The legendary coach, who died in January, was `the greatest Trojan of them all,' Lasorda says.

April 23, 2006|Ben Bolch | Times Staff Writer

Rod Dedeaux's loyalty to USC was so fierce that when Tom Lasorda became manager of the Dodgers and extended an invitation to Dedeaux to join his major league coaching staff, Dedeaux politely declined.

"He said, 'Tommy, I love you but I can't do it. I'm a Trojan, and I'll be a Trojan for the rest of my life,' " Lasorda said Saturday. "He is and was the greatest Trojan of them all."

Lasorda and several dozen of Dedeaux's former players gathered Saturday afternoon before USC's 15-8 victory over Washington at Dedeaux Field to pay tribute to the legendary Trojan coach, who died in January at 91.

Dedeaux guided USC to 11 national titles and 28 conference championships during his 45-year tenure. When he retired in 1986, Dedeaux's 1,332 victories were more than any other coach had amassed (he still ranks seventh among Division I coaches).

"Some of the accomplishments of Rod are beyond comprehension," said USC Athletic Director Mike Garrett, who played right field for Dedeaux in 1965.

Dedeaux coached 59 players who became major leaguers, including Mark McGwire, Tom Seaver and Dave Kingman. Baseball America and Collegiate Baseball named him coach of the century in 1999. His grandson Adam is a freshman first baseman for the Trojans.

"He was the single most prominent person in the history of USC," said Trojan Coach Mike Gillespie, a member of USC's 1961 national championship team.

Stan Charnofsky, a former second baseman who, along with twin brother Hal became a formidable double-play combination for the Trojans in the early 1950s, remembered Dedeaux as "the most masterful psychologist I have ever seen."

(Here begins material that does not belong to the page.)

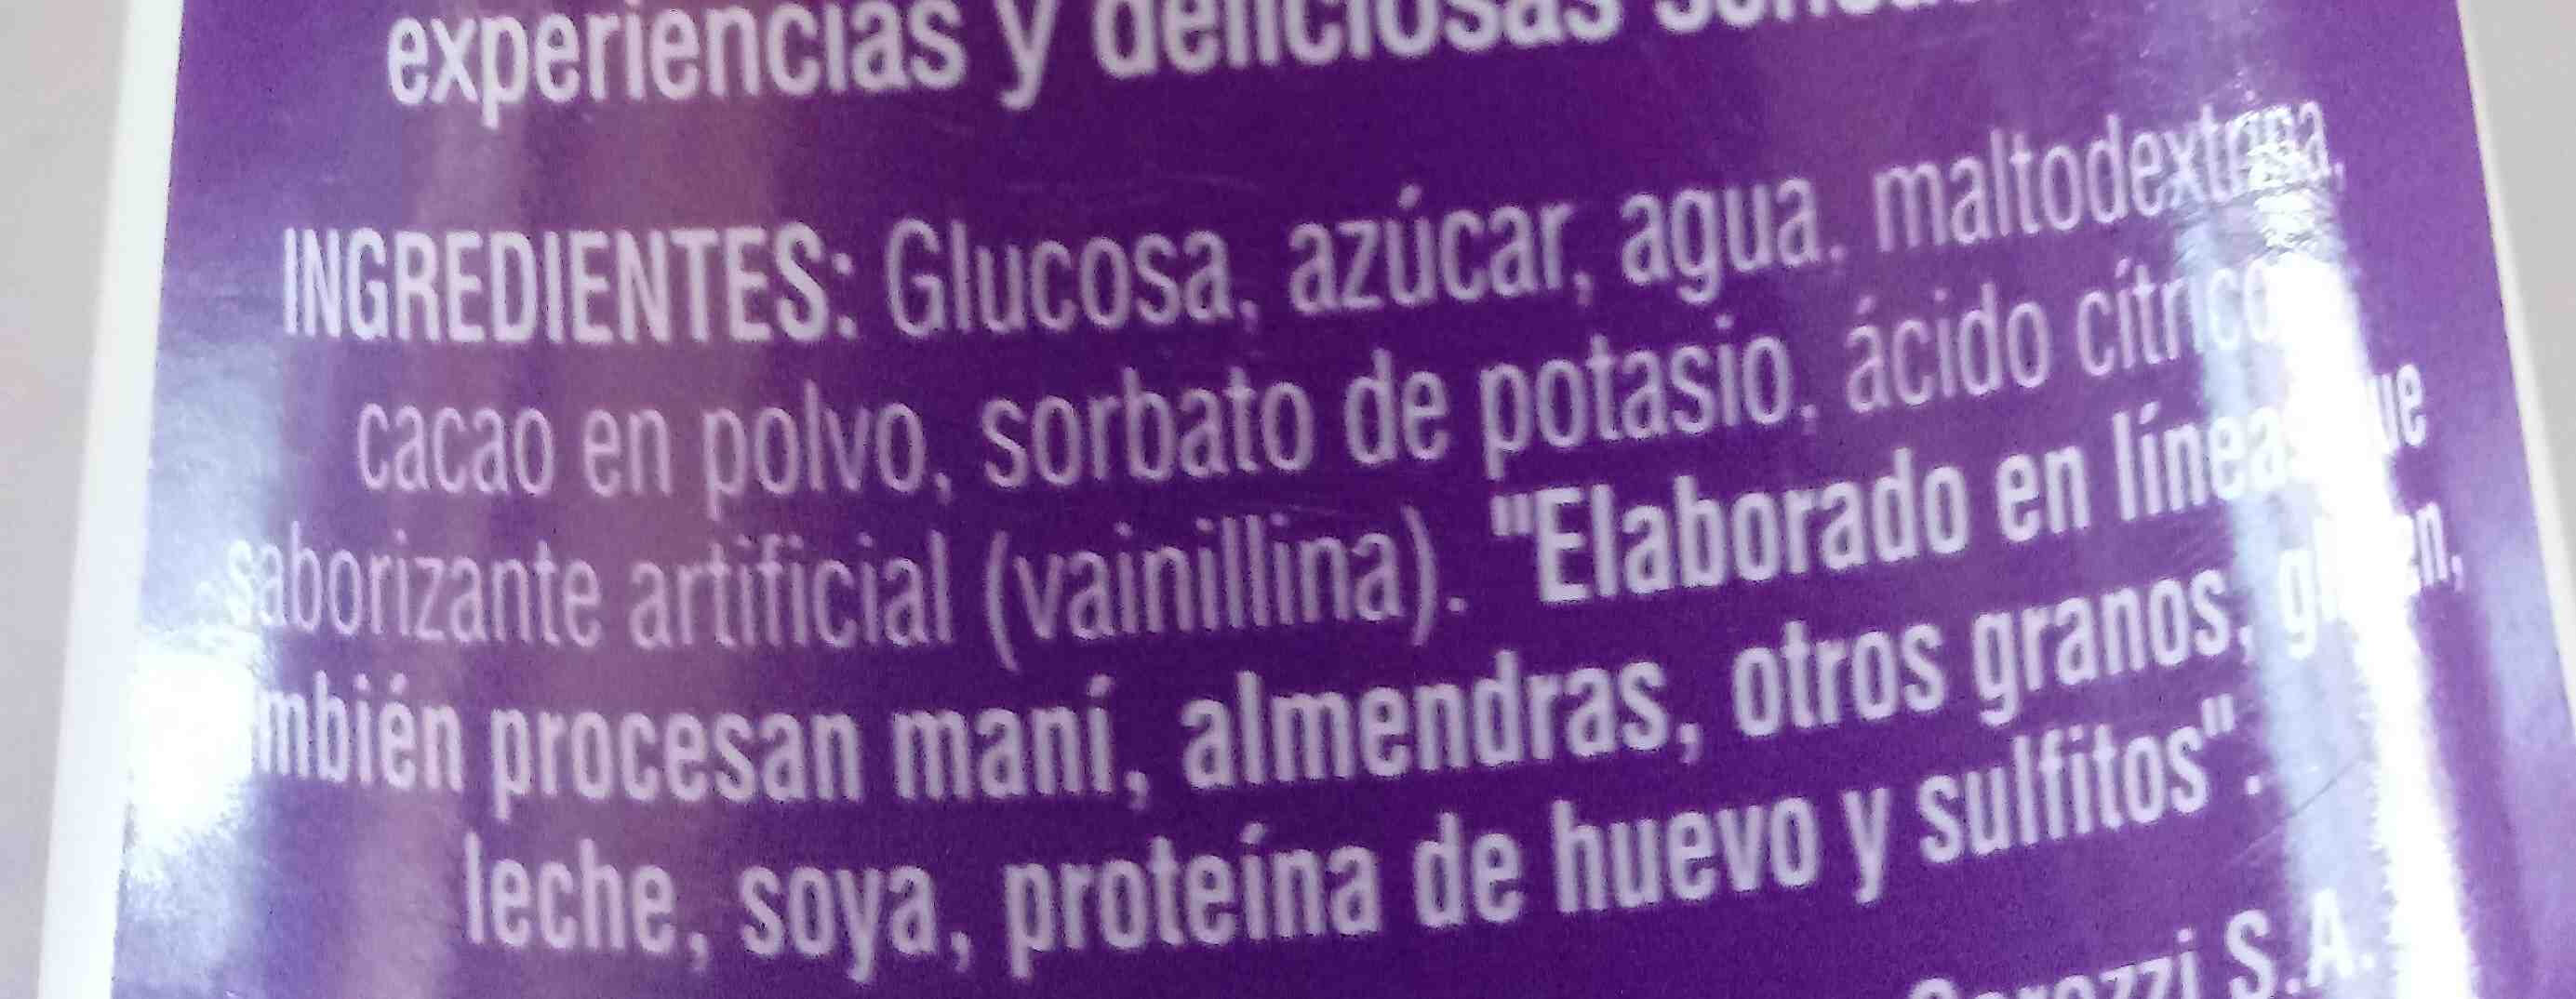 salsa sabor a chocolate - Ingredients

"He would say to me, 'You never drop a throw.' He would say to our third baseman, 'You will be the best third baseman in the world,' " Charnofsky said. "We all believed him."

Said Fred Lynn, the former Trojan outfielder who went on to become a nine-time All-Star: "He believed that every guy that put on a Trojan uniform was the best at his position, and he let you know that. In my 17 years in the big leagues, I never played for a better baseball man than Rod Dedeaux. In my three years at USC I learned more about how to play baseball the right way than I did my entire big league career."

A crowd that included several of Dedeaux's family members was treated to an eight-run outburst in the second inning as the Trojans, ranked No. 22 by Baseball America, ended a four-game losing streak to improve to 23-18 overall and 9-5 in the Pacific 10 Conference.

Blake Sharpe had a season-high four hits and Matt Cusick, Cyle Hankerd, Daniel Perales and Lucas Duda drove in two runs apiece for the Trojans.

"It was great to have everyone contribute," Sharpe said. "We had a lot of alumni back here, so it was important to win."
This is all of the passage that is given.